We buy many insurances – just in case.  Car, homeowners, apartment, flood, personal liability – all are hedges against the unknown and unwanted.  Seeing a business opportunity, insurers created a long-term care insurance market for a benefit the customer might not need for another 25 years. We can buy a service contract to cover repairs of our appliances.  Yet so it continues that when we purchase technology, carrier, or software services, the offering changes ever more quickly -- and our technology becomes obsolete. So we toss the products (and services) into the soon-forgotten gadget graveyard with 135 million mobile phones discarded in 2010 alone -- the last date for which there are EPA statistics.


We are always in restart mode... We pay all over again for the same mind-numbing learning curve about new chargers, cases, setups, upgrades, downloads, uploads, backups and restore processes (such as in-car technology). The most we can buy is a Geek Squad-like service plan for fixing the current mishmash of gadgets. We cannot buy an insurance service plan for the gadgets that haven’t been invented yet – the ones that we have not yet acquired. Looking down from the balcony at a recent matinee, note how many non-teens struggle to exit from Facebook dog pictures, silence the ringer, or turn the phone off.  No doubt these phones were new, customizing the icons and learning the phone's idiosyncrasies daunting.


...But we are increasingly dependent on our devices and online sites to find services.   This includes slogging through marketplaces of every type, including those health and companion care -- when we are at our most vulnerable and desperate, but also in-home repair, used cars, hotels, airfare. You name it, there's a marketplace out there that will find you an in-network, best deal, highest star rating whatever. Can we function without these 'referral' sources?  


Optimistic boomers think future technology will be a piece of cake.  Asked to picture the future, boomers think they will be different from their parents who resisted new technologies.  Even Best buy agrees that this is a boomer-senior problem – that the next generation won’t need genius bars or geek squads. Even boomers insist that their tech-savviness today will serve them well in 20-25 years – they will accommodate whatever ‘innovations’ Silicon Valley designers, all still 20-somethings, will foist on them. Boomers see the unknown tech future as something they can and want to deal with, the way they mastered (sort of) home network setup, Facebook, YouTube, Twitter, Skype, and Instagram. And they will want to deal with it, because, well, they are boomers. 

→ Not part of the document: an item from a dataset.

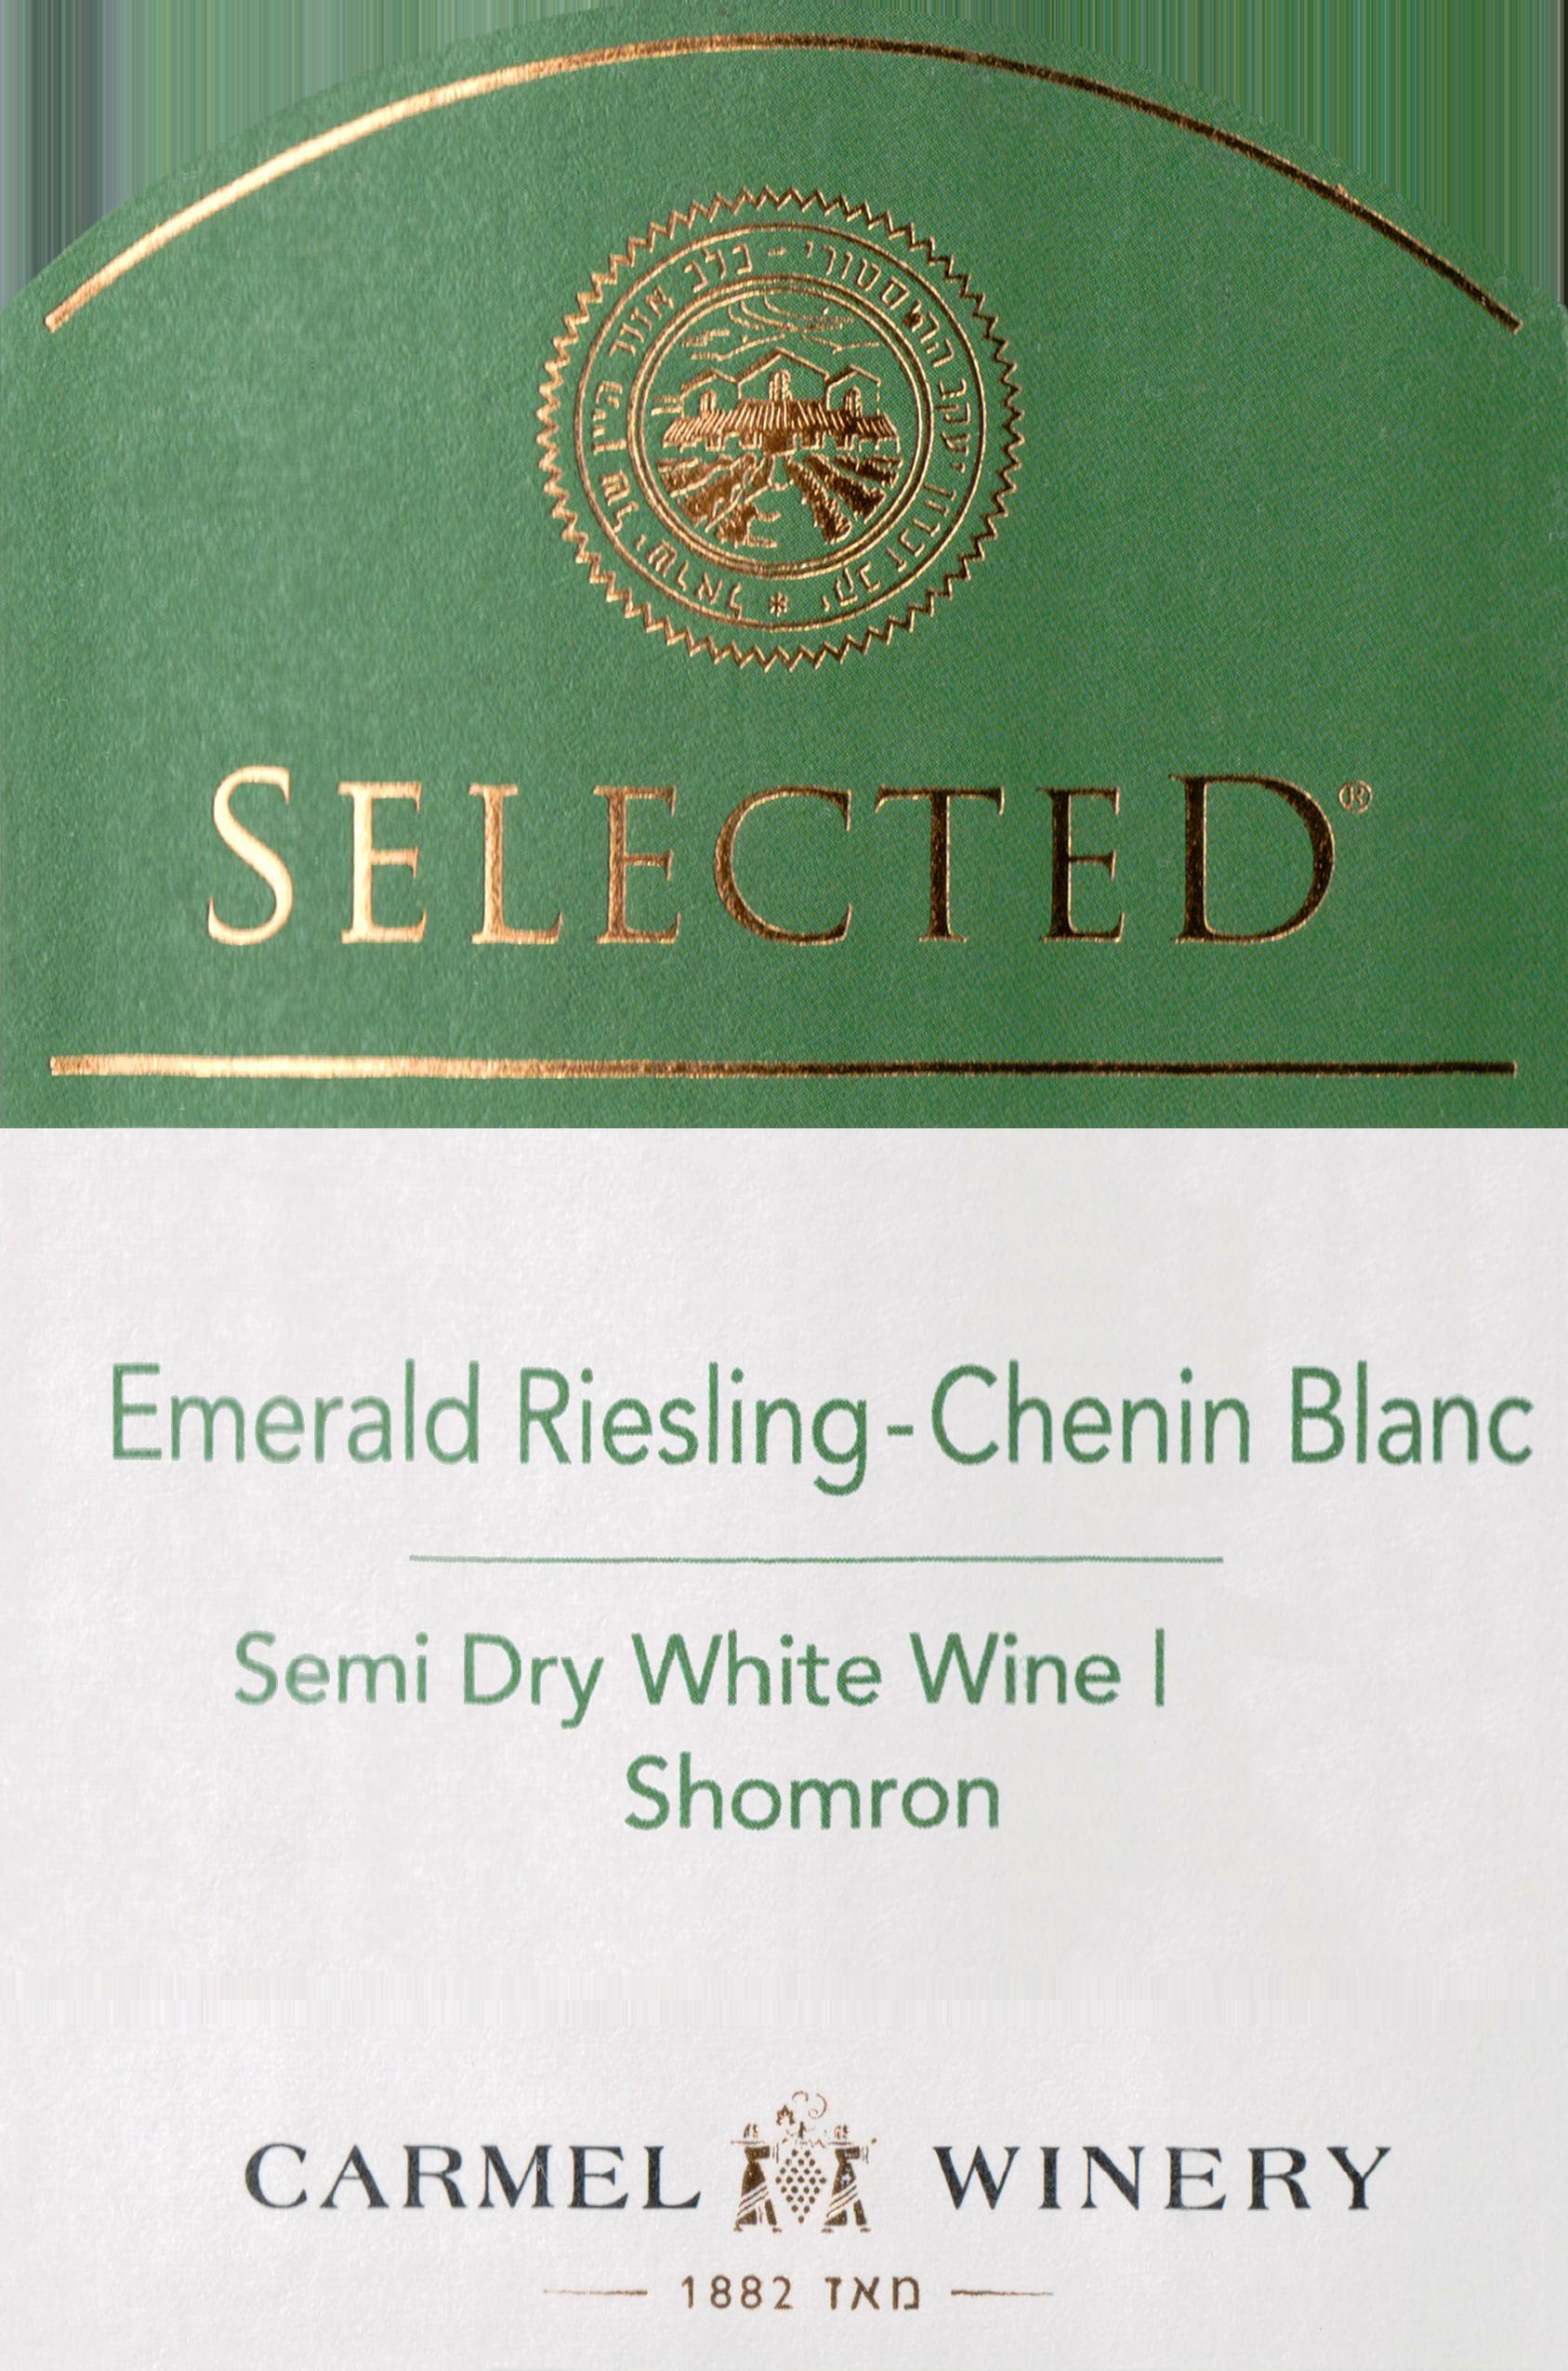 Carmel Selected Emerald Riesling Chenin Blanc

Not so fast – maybe our appalled 80-year-old selves will opt out versus boot up another device. Roll many of the current phenomena forward – and then imagine that like today’s 80-somethings, we have become fond of what we know and resistant to what we don’t know.  Why are there are 80+ folks out there who still carry clamshell phones and whose only tablets are meds?  Not because they hate new technology, but because mandated change is stressful. What if the lame attempts to regain and preserve personal online privacy fail – and online identity theft is the new normal? Cybersecurity jobs are booming, of course. Will the trend of decreasing device and internet safety push boomers to return to the horse-and-buggy era of telephone calls, email, and even handwritten letters? Or will the insurance industry identify an opportunity to create a long-term tech care policy that will protect us from future risks and obsolescence in our online and gadget use?